Currently the onus is on the carrier to provide advanced information to Canada Border Services Agency (CBSA) about the truck, driver and goods entering Canada, even though the carrier does not own or package the cargo, and in some cases hasn’t loaded the freight.

 

This puts the carrier at risk of being held up at the border if there are inaccuracies in the paperwork, even if the incorrect data concerns the cargo.
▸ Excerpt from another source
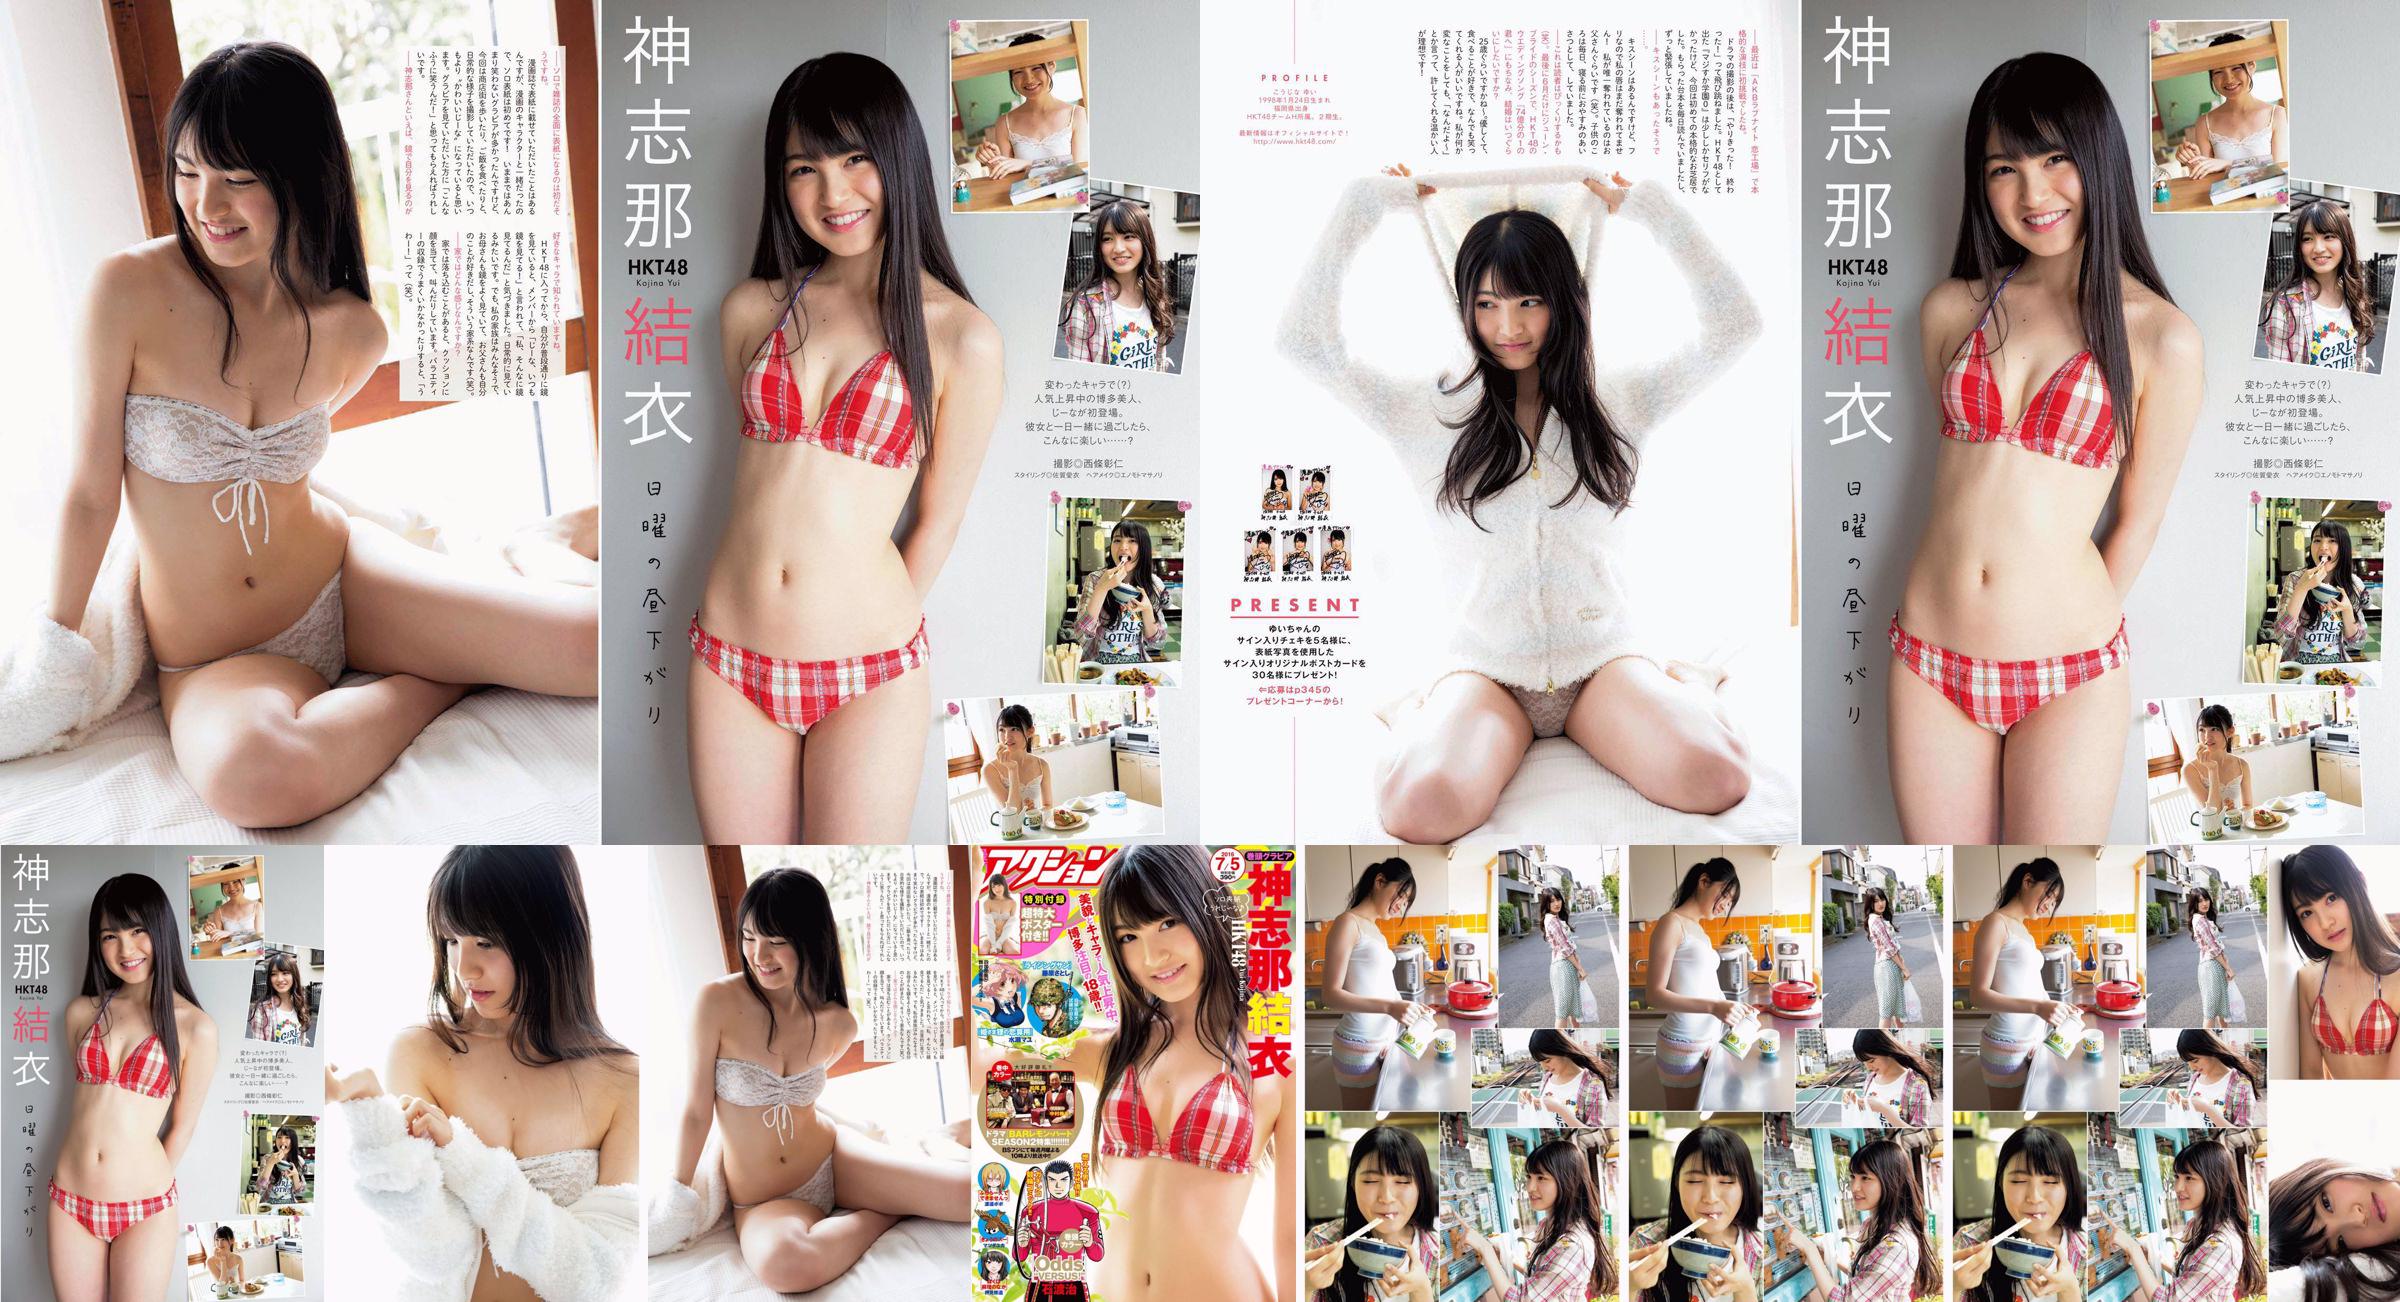 [Manga Action] Shinshina Yui 2016 N ° 13 Photo Magazine No.2fe4c9 Page 3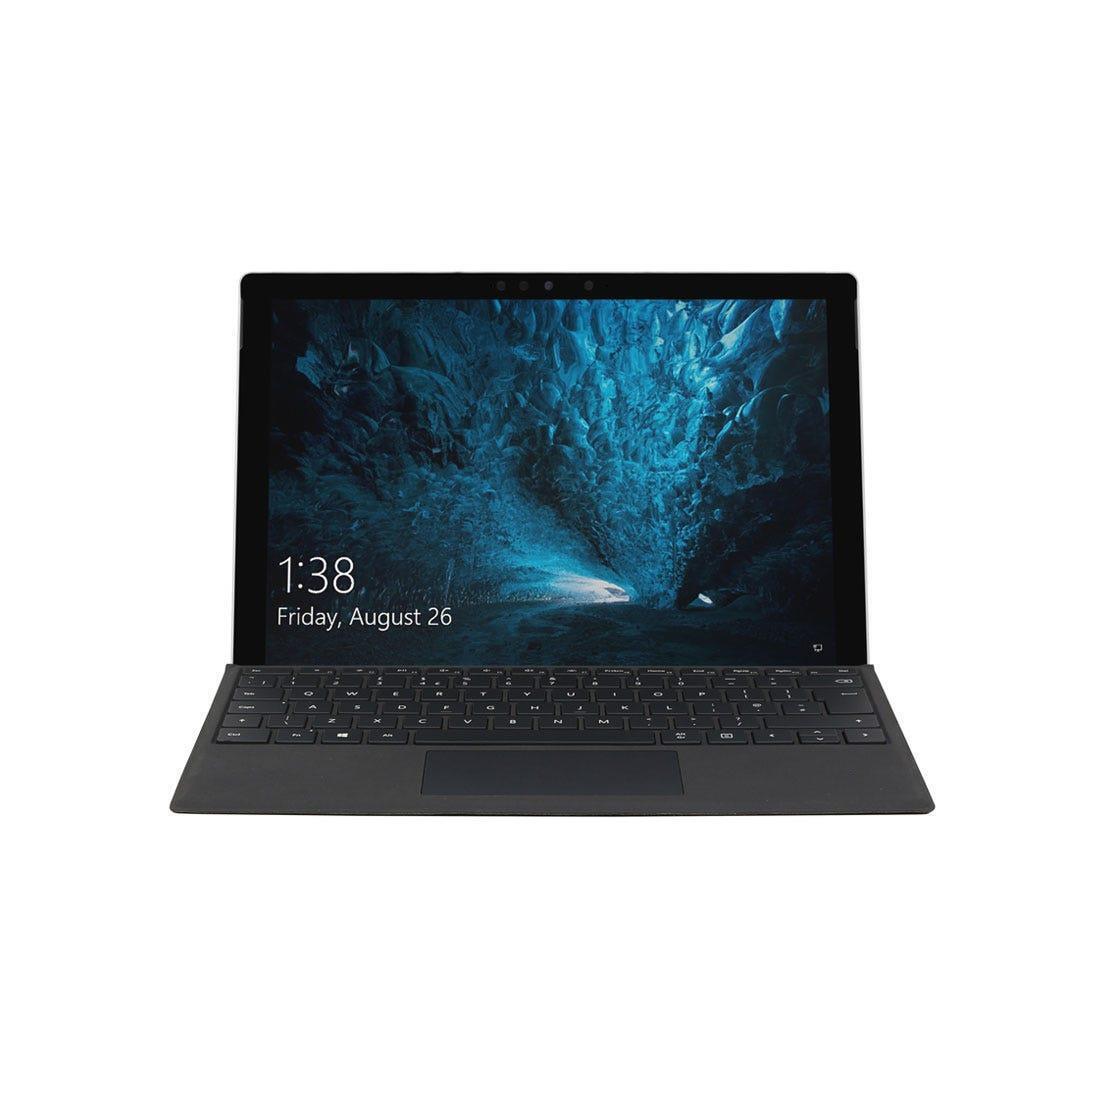 Microsoft Surface Pro 6 12.3" Laptop Intel Core i5-8350U 8GB RAM 256GB SSD - Black - Refurbished Excellent

Under Bill S-2, it’s possible the Governor-in-Council could take some of the burden off the carrier, and make other supply chain partners more accountable.

 

“CTA supports this amendment,” said CTA CEO David Bradley during his testimony. “CTA believes that over time there has been far too much regulatory obligation placed on the carrier community relative to other supply chain partners and the proposed amendment could provide better balance. CTA has advocated that increased responsibility should be placed on all parties in the supply chain that own the information supplied to CBSA.” 

 

While the CTA supported the move to collect data from importers, it also voiced concerns on how CBSA may react if it hasn’t received the required information from importers prior to the truck’s arrival at the border.

 

As it’s currently proposed, the CBSA would turn back trucks if the importer data had not yet been received before the truck arrived at the border. The truck would no longer be moved in-bond to an inland facility for clearance.

 

“This could substantially impact the efficient movement of goods into Canada,” warned Bradley. “By enabling carriers to proceed beyond the border, in-bond moves help avoid costly delays and the truck, trailer and driver rather than sitting at the border are freed up to get back to productive operation. This also facilitates compliance with drivers’ hours-of-service regulations and is consistent with low-risk security programs.  While the obstacle may not be caused by the carrier, it is the carrier’s truck and driver that will be held up on the US side of the border.”

 

It’s especially a concern for LTL carriers, which will require the importers of all the freight within a trailer to submit their data on time – otherwise, the entire shipment will be held up and refused entry into Canada.

 

CTA is hopeful the CBSA will allow carriers to continue moving the goods in-bond for later release, so the truck and driver could continue on their way.